At eighteen, your parents started letting you send auditions for small roles or parts in commercials. If you were lucky enough, you were contacted to be an extra in a very small production. No lines, or more than ten seconds on screen, but it was better than nothing.
At twenty-two, you were finally noticed by a big production, giving you a supporting role with some lines in just one episode of a series.
And at twenty-five, you finally started to be known in the industry. Your life changed, you had a reputation as an actress: you were famous now. And who would have told you that one year later you would have met your first crush ever and be completely disappointed by him?
You had seen Dick on the red carpet. With a wide, white, and charming smile and a perfectly tailored deep navy blue suit. He stood tall in front of all the cameras, while being showered by the flashes. It was impressive how much time he could hold it without blinking, even though the lights were blinding him. It was probably the years of practice, of growing up in front of cameras, that he must be used to them by now.

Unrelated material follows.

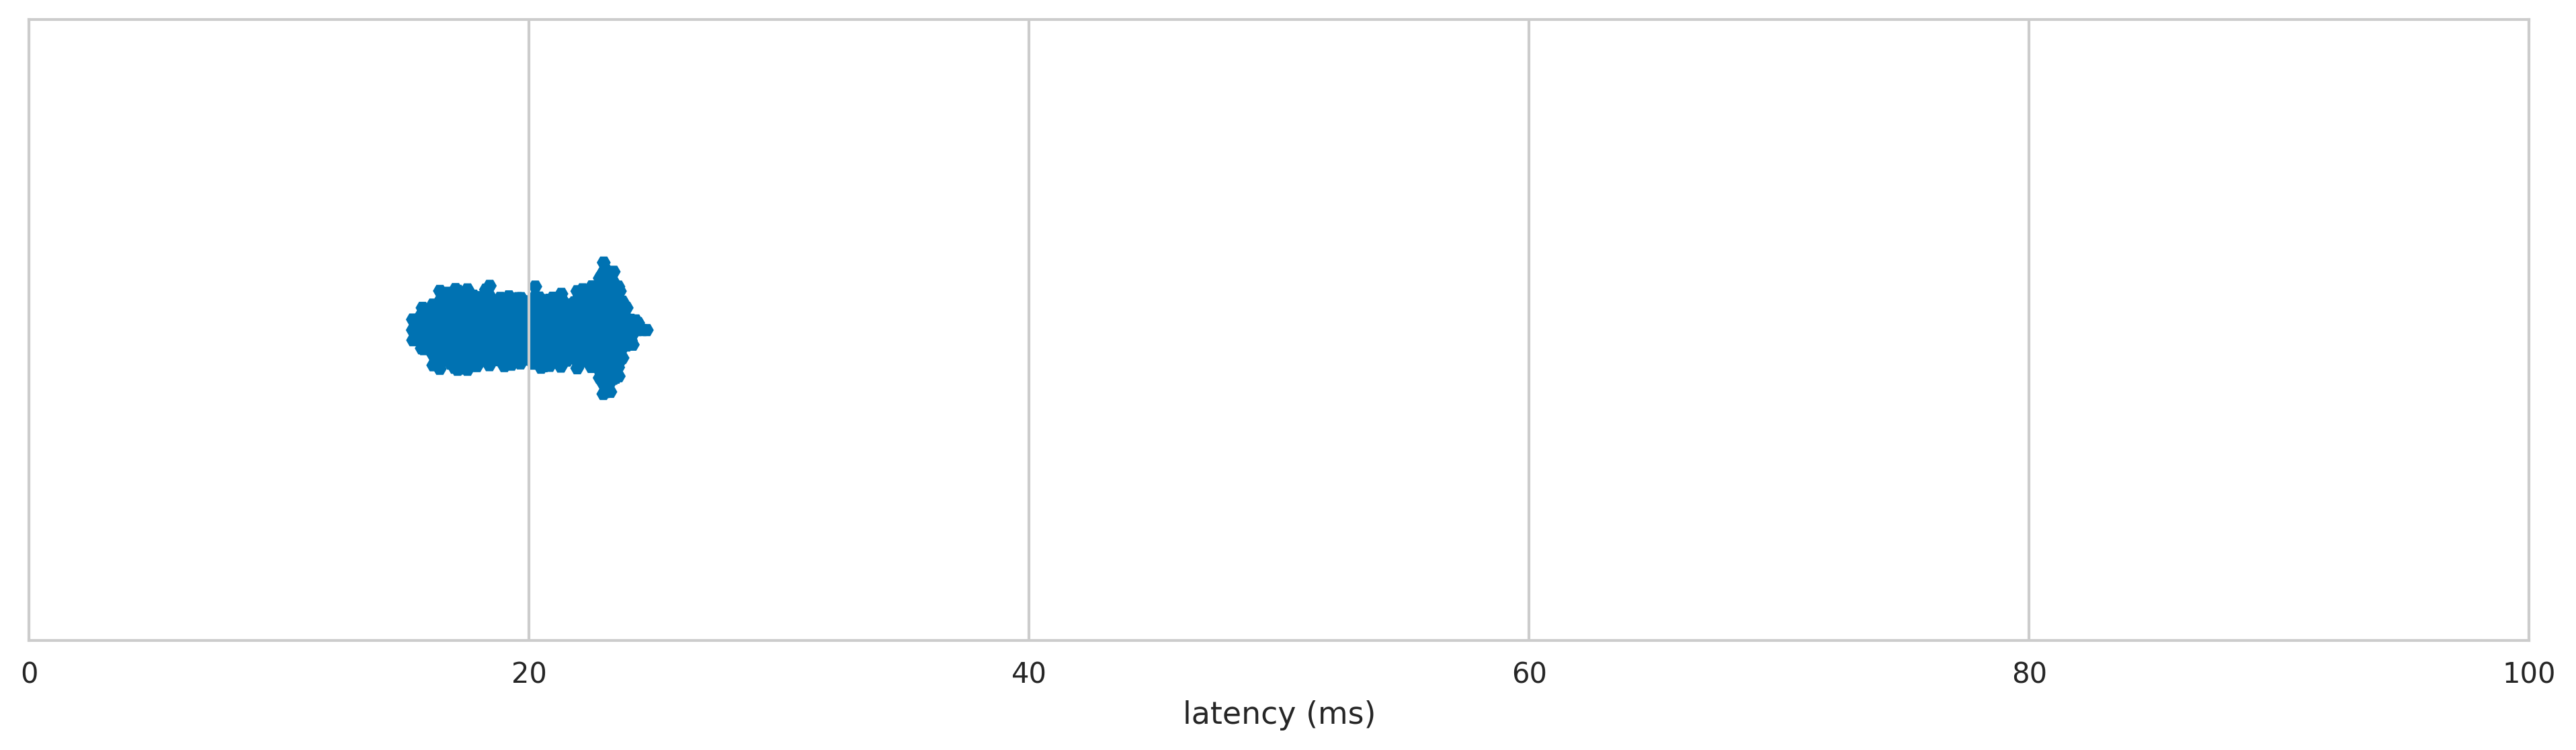 Sigma latency distribution

He looked ethereal, and you felt out of place. You had won your place in that industry with your blood, sweat, and tears. You deserved your spot at that award show. But seeing him so natural, just like the other actors, actresses, movie directors, and important figures around you, made you feel strange.
A weird feeling of not belonging, of not being good enough to step on the same floor they were walking on, settled in your heart, making it feel heavy.
And you had been so excited of just greeting Dick, telling him how much you admired him as a person and as an actor, but before you could you heard it .
“They have offered me another role for this movie that’s going to be filmed somewhere in France. It’s been so long since I did a proper audition, I kinda miss it.”
It was nothing bad, just Dick Grayson, the talented actor you had followed your entire teenage years, confessing to his friends that it had been a while since he did his very last audition. Just him confirming the power the title ‘Bruce Wayne’s son’ holds in the industry, and how that leads to gifted roles.
No. Dick Grayson was not overrated. The guy was talented, and you couldn’t deny how much work and time he devoted to his projects. But he never had to fight to be recognized, to be chosen.
It wasn’t that line he said that affected you the most; it was the laughs and the stupid comments he and his friends made of every single movie presented at the event. Every harmful comment would be excused with an ‘it was just a joke’, but they were grown adults, not stupid teenage boys anymore. And when the film you starred in was announced, and one scene of your character played on the screen, one of his friends said “At least she’s hot.” and Dick dared to laugh.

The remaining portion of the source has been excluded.